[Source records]
[Start of section]
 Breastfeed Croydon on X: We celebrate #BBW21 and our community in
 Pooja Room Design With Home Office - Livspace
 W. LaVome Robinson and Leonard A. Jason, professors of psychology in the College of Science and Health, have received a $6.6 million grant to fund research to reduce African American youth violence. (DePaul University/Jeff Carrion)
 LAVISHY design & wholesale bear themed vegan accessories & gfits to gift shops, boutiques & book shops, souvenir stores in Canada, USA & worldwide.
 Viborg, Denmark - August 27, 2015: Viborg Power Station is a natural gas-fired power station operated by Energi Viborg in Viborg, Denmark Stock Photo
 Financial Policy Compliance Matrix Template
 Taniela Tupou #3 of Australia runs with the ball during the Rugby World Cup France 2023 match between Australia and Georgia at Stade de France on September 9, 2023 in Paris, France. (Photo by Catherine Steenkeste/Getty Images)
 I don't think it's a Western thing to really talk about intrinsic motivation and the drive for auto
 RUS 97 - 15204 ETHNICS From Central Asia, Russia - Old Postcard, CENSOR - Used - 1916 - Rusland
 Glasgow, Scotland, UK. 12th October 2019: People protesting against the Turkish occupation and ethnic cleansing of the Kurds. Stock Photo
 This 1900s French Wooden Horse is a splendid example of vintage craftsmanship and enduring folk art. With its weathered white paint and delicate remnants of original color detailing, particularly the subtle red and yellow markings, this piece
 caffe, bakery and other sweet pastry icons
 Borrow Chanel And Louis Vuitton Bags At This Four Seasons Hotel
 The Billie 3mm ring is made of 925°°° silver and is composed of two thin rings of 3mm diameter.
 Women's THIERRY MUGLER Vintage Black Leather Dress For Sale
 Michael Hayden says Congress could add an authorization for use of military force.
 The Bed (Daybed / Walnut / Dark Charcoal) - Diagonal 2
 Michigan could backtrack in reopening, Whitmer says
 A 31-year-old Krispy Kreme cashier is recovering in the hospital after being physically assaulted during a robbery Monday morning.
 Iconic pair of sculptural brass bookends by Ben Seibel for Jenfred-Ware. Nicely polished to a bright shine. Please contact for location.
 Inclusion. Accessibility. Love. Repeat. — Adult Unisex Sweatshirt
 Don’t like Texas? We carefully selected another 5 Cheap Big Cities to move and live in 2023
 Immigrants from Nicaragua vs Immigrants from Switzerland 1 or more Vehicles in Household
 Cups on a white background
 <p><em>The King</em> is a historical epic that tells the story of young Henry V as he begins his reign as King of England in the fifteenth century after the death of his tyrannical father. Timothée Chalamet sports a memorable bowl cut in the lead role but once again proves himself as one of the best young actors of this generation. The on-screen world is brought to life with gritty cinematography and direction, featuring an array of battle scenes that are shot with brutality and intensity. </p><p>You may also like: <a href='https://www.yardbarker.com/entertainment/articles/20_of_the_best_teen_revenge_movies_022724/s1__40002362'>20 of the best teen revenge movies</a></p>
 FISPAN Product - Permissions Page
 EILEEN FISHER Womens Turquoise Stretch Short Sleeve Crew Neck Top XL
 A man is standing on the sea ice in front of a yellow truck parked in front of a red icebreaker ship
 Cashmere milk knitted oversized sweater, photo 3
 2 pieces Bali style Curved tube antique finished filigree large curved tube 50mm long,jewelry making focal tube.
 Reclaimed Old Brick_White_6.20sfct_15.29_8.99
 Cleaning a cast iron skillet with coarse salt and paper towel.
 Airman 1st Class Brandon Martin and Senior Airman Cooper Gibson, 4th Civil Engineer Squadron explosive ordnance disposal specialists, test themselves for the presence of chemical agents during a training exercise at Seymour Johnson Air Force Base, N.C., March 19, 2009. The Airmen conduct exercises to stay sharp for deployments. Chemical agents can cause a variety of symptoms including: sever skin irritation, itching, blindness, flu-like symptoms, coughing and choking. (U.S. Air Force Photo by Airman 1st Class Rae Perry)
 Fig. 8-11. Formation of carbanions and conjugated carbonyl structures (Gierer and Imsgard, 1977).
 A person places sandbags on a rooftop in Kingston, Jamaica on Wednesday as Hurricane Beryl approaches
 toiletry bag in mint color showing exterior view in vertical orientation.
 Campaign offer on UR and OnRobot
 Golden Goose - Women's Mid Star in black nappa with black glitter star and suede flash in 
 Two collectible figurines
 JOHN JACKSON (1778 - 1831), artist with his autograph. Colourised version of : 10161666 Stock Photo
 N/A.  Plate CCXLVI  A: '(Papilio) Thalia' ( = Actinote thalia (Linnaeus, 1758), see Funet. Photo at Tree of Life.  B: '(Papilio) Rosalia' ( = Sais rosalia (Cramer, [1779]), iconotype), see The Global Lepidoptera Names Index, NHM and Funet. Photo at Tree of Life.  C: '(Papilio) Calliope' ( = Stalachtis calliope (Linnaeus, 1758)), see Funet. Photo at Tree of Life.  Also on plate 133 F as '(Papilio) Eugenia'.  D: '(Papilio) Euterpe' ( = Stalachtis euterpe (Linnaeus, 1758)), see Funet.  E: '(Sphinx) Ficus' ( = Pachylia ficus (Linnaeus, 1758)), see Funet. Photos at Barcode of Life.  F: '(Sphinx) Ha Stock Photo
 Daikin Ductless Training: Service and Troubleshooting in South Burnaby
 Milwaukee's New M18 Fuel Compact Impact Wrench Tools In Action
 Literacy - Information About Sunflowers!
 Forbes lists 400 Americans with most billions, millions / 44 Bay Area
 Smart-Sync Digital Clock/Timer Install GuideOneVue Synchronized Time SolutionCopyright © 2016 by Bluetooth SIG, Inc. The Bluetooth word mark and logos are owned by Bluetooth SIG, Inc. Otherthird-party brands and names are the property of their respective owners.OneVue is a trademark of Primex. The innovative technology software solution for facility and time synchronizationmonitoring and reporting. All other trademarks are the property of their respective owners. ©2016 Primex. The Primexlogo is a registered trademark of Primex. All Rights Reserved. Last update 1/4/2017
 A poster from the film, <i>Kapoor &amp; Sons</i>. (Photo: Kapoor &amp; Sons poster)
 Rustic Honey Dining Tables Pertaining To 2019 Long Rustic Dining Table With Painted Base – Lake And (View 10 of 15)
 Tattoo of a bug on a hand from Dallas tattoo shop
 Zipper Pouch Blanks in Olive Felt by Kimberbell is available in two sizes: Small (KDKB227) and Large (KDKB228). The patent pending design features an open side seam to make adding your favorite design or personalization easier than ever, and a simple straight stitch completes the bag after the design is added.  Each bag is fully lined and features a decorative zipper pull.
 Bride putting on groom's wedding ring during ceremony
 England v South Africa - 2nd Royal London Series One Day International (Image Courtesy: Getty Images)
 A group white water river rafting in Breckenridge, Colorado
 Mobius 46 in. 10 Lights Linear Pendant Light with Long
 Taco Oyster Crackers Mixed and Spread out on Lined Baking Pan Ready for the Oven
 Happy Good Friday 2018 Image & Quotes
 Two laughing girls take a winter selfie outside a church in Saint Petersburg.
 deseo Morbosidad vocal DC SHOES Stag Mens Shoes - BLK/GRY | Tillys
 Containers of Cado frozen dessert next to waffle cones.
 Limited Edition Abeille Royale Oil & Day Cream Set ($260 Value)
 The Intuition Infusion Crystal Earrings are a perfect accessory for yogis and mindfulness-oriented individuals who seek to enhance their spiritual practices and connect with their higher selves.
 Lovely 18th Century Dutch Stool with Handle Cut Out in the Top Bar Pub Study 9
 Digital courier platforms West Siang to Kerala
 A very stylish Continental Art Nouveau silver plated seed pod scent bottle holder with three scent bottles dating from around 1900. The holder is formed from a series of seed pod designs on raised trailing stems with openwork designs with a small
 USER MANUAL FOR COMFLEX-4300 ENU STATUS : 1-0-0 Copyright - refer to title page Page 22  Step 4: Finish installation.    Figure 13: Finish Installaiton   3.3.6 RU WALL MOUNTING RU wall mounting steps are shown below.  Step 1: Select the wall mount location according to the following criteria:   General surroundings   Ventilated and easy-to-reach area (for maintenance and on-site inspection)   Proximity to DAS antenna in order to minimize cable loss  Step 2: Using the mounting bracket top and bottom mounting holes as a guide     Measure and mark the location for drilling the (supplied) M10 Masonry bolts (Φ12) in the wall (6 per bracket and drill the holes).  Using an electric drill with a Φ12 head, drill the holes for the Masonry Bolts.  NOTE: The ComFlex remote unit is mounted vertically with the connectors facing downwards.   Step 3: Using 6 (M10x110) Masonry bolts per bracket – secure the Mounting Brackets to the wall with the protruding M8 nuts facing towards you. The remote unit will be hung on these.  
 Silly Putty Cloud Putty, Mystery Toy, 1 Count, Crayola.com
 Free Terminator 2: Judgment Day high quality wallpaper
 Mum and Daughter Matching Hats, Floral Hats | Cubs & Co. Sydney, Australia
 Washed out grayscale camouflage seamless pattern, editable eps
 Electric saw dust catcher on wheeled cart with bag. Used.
[End of section]
Copy the lines of the data above exactly as written, beginning with the line containing "Fig. 8-11. Formation" and ending with the line containing "A poster from", and leave out all other lines.

RESULT OF THIS TASK:
 Fig. 8-11. Formation of carbanions and conjugated carbonyl structures (Gierer and Imsgard, 1977).
 A person places sandbags on a rooftop in Kingston, Jamaica on Wednesday as Hurricane Beryl approaches
 toiletry bag in mint color showing exterior view in vertical orientation.
 Campaign offer on UR and OnRobot
 Golden Goose - Women's Mid Star in black nappa with black glitter star and suede flash in 
 Two collectible figurines
 JOHN JACKSON (1778 - 1831), artist with his autograph. Colourised version of : 10161666 Stock Photo
 N/A.  Plate CCXLVI  A: '(Papilio) Thalia' ( = Actinote thalia (Linnaeus, 1758), see Funet. Photo at Tree of Life.  B: '(Papilio) Rosalia' ( = Sais rosalia (Cramer, [1779]), iconotype), see The Global Lepidoptera Names Index, NHM and Funet. Photo at Tree of Life.  C: '(Papilio) Calliope' ( = Stalachtis calliope (Linnaeus, 1758)), see Funet. Photo at Tree of Life.  Also on plate 133 F as '(Papilio) Eugenia'.  D: '(Papilio) Euterpe' ( = Stalachtis euterpe (Linnaeus, 1758)), see Funet.  E: '(Sphinx) Ficus' ( = Pachylia ficus (Linnaeus, 1758)), see Funet. Photos at Barcode of Life.  F: '(Sphinx) Ha Stock Photo
 Daikin Ductless Training: Service and Troubleshooting in South Burnaby
 Milwaukee's New M18 Fuel Compact Impact Wrench Tools In Action
 Literacy - Information About Sunflowers!
 Forbes lists 400 Americans with most billions, millions / 44 Bay Area
 Smart-Sync Digital Clock/Timer Install GuideOneVue Synchronized Time SolutionCopyright © 2016 by Bluetooth SIG, Inc. The Bluetooth word mark and logos are owned by Bluetooth SIG, Inc. Otherthird-party brands and names are the property of their respective owners.OneVue is a trademark of Primex. The innovative technology software solution for facility and time synchronizationmonitoring and reporting. All other trademarks are the property of their respective owners. ©2016 Primex. The Primexlogo is a registered trademark of Primex. All Rights Reserved. Last update 1/4/2017
 A poster from the film, <i>Kapoor &amp; Sons</i>. (Photo: Kapoor &amp; Sons poster)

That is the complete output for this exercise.